== EXERCISE AIM ==
Reproduce the following data exactly, minus any images.

== SOURCE DATA ==
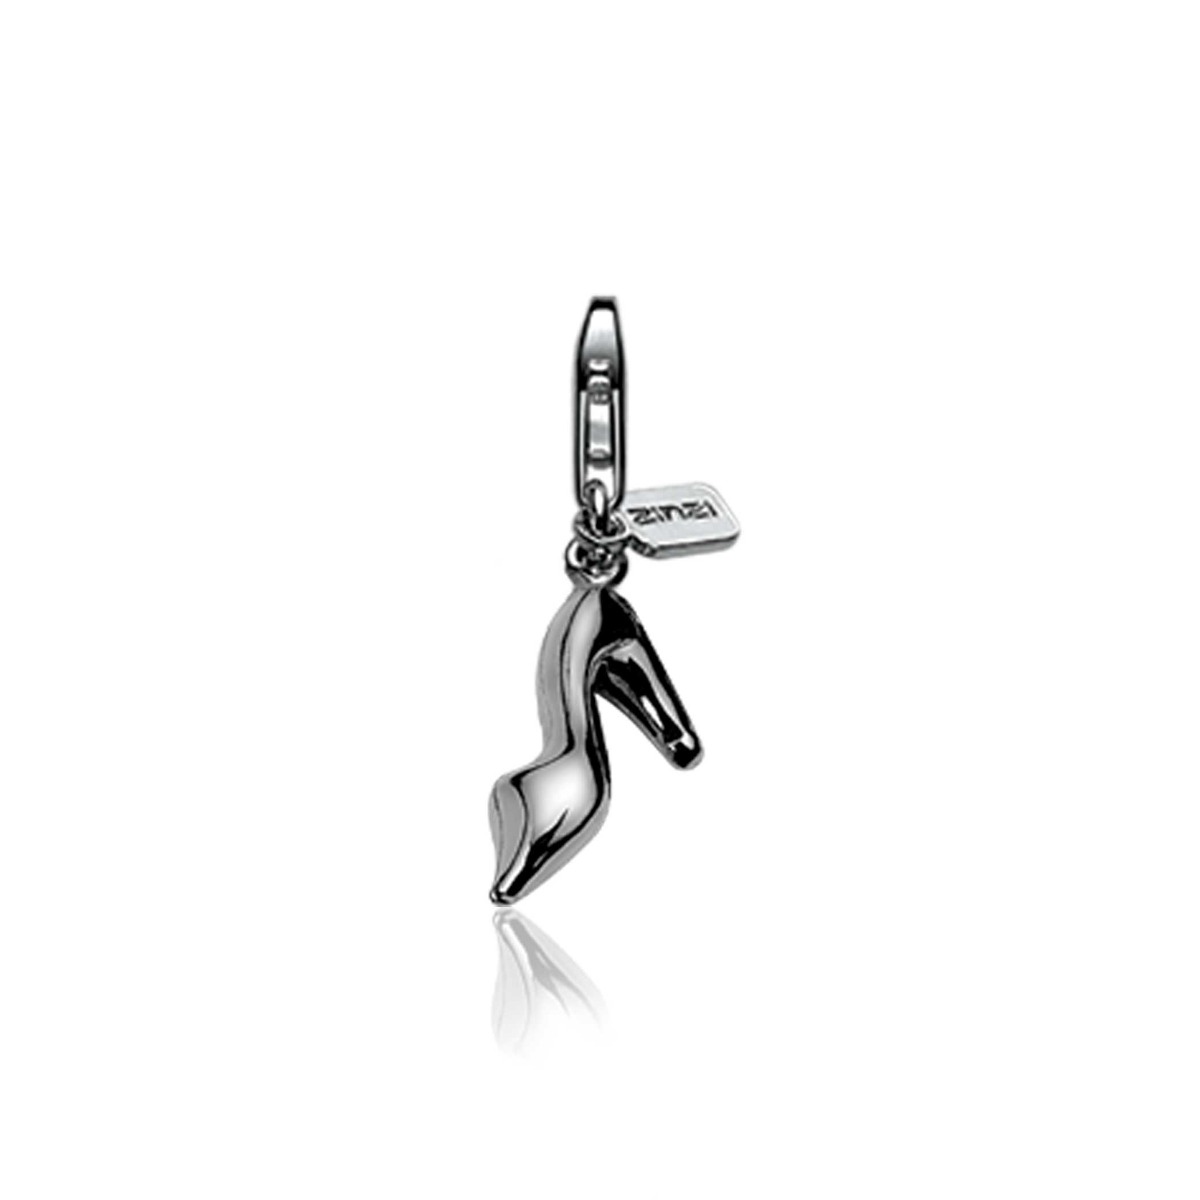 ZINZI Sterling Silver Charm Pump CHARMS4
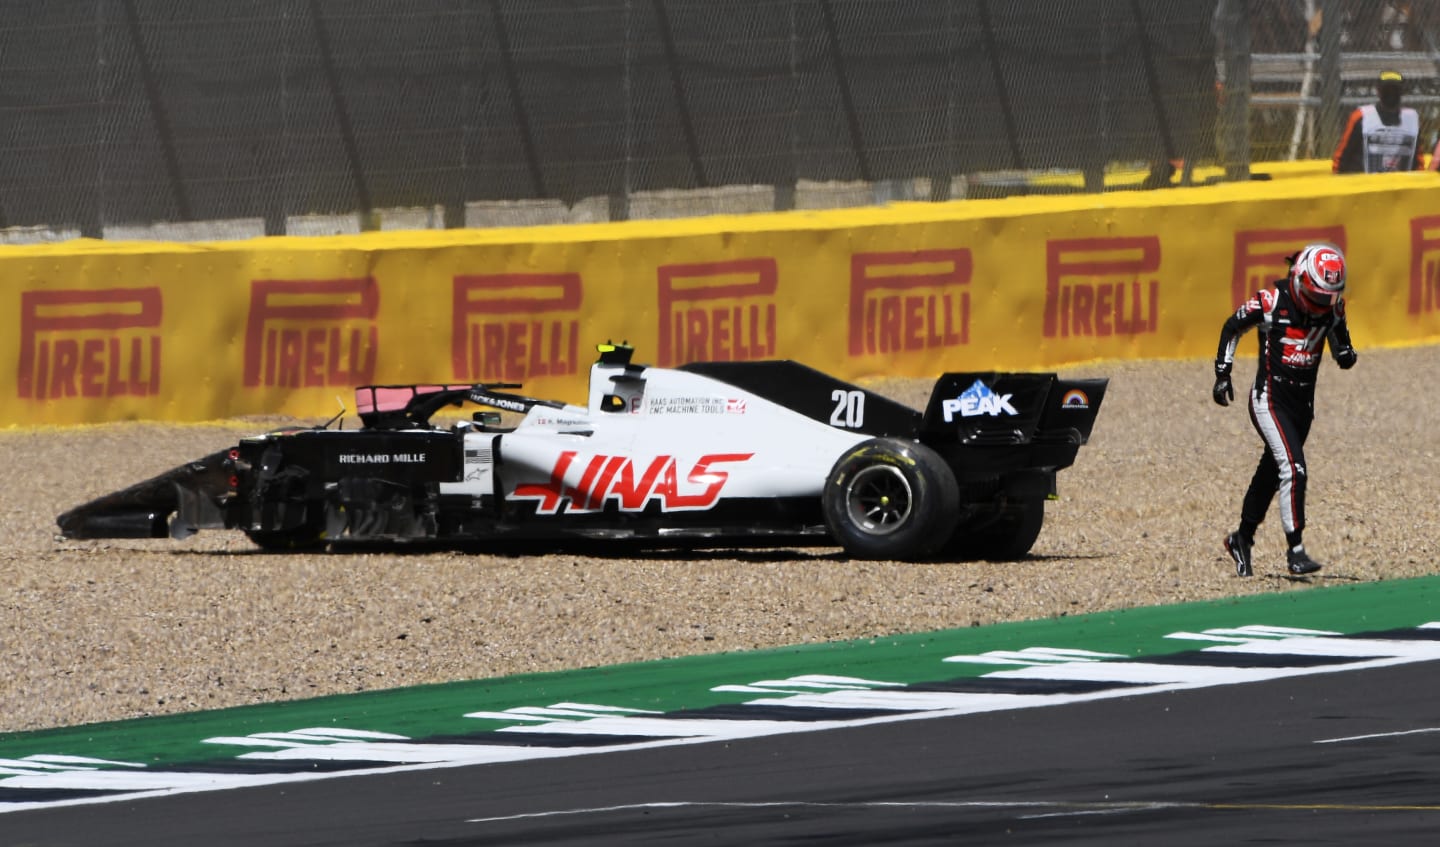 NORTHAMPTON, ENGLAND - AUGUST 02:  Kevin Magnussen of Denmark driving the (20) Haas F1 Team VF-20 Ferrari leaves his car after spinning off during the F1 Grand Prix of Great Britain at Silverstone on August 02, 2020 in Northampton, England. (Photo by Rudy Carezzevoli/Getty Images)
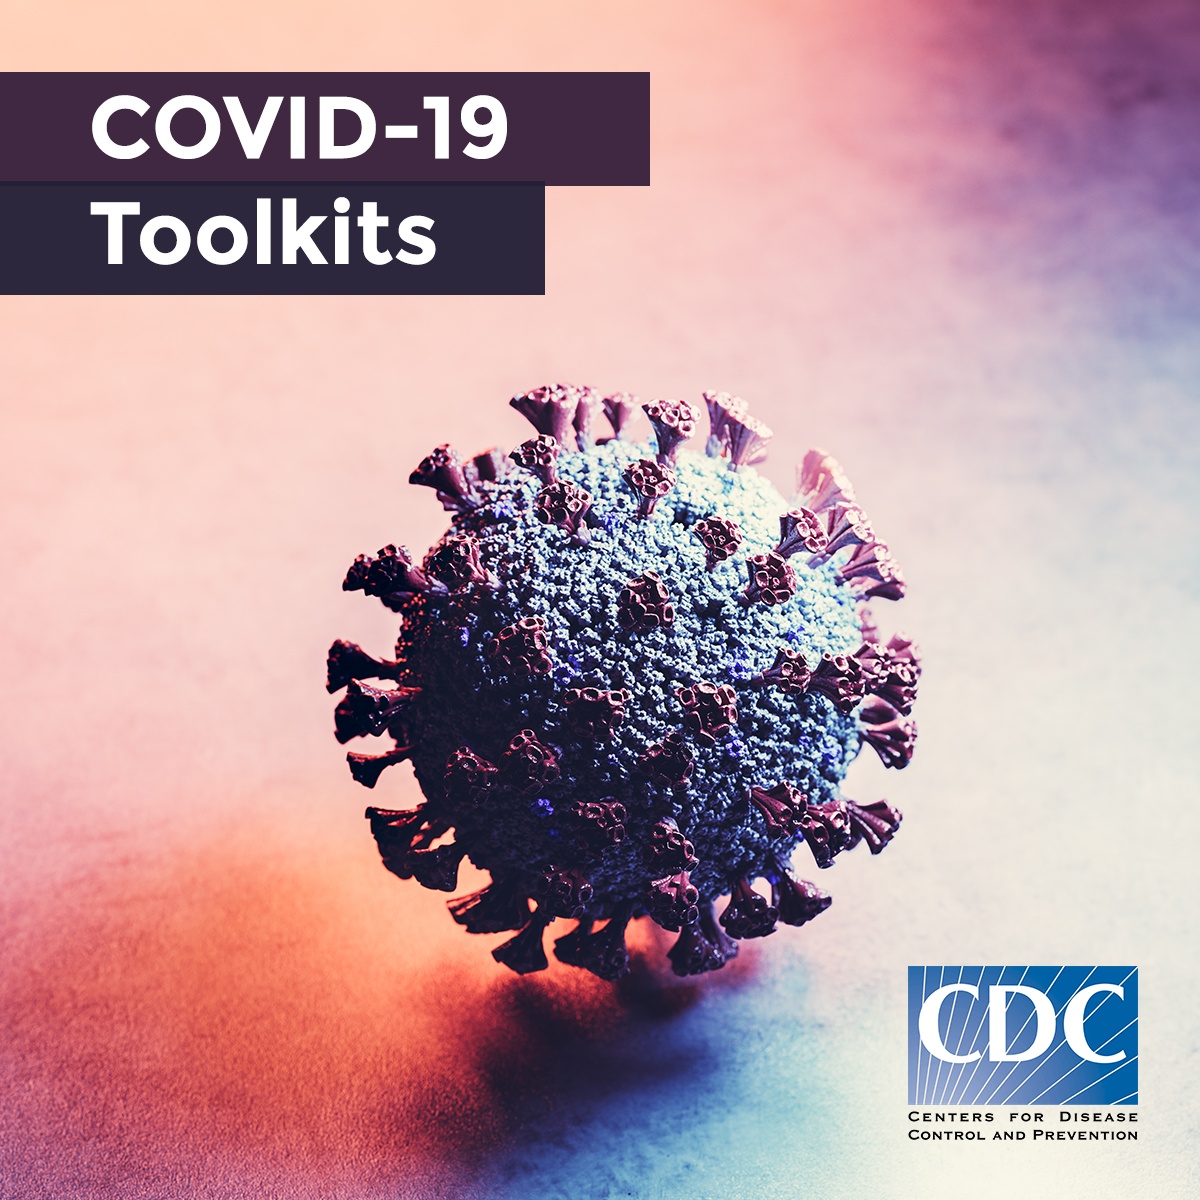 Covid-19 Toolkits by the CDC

== EXERCISE OUTPUT ==
 ZINZI Sterling Silver Charm Pump CHARMS4
 NORTHAMPTON, ENGLAND - AUGUST 02:  Kevin Magnussen of Denmark driving the (20) Haas F1 Team VF-20 Ferrari leaves his car after spinning off during the F1 Grand Prix of Great Britain at Silverstone on August 02, 2020 in Northampton, England. (Photo by Rudy Carezzevoli/Getty Images)
 Covid-19 Toolkits by the CDC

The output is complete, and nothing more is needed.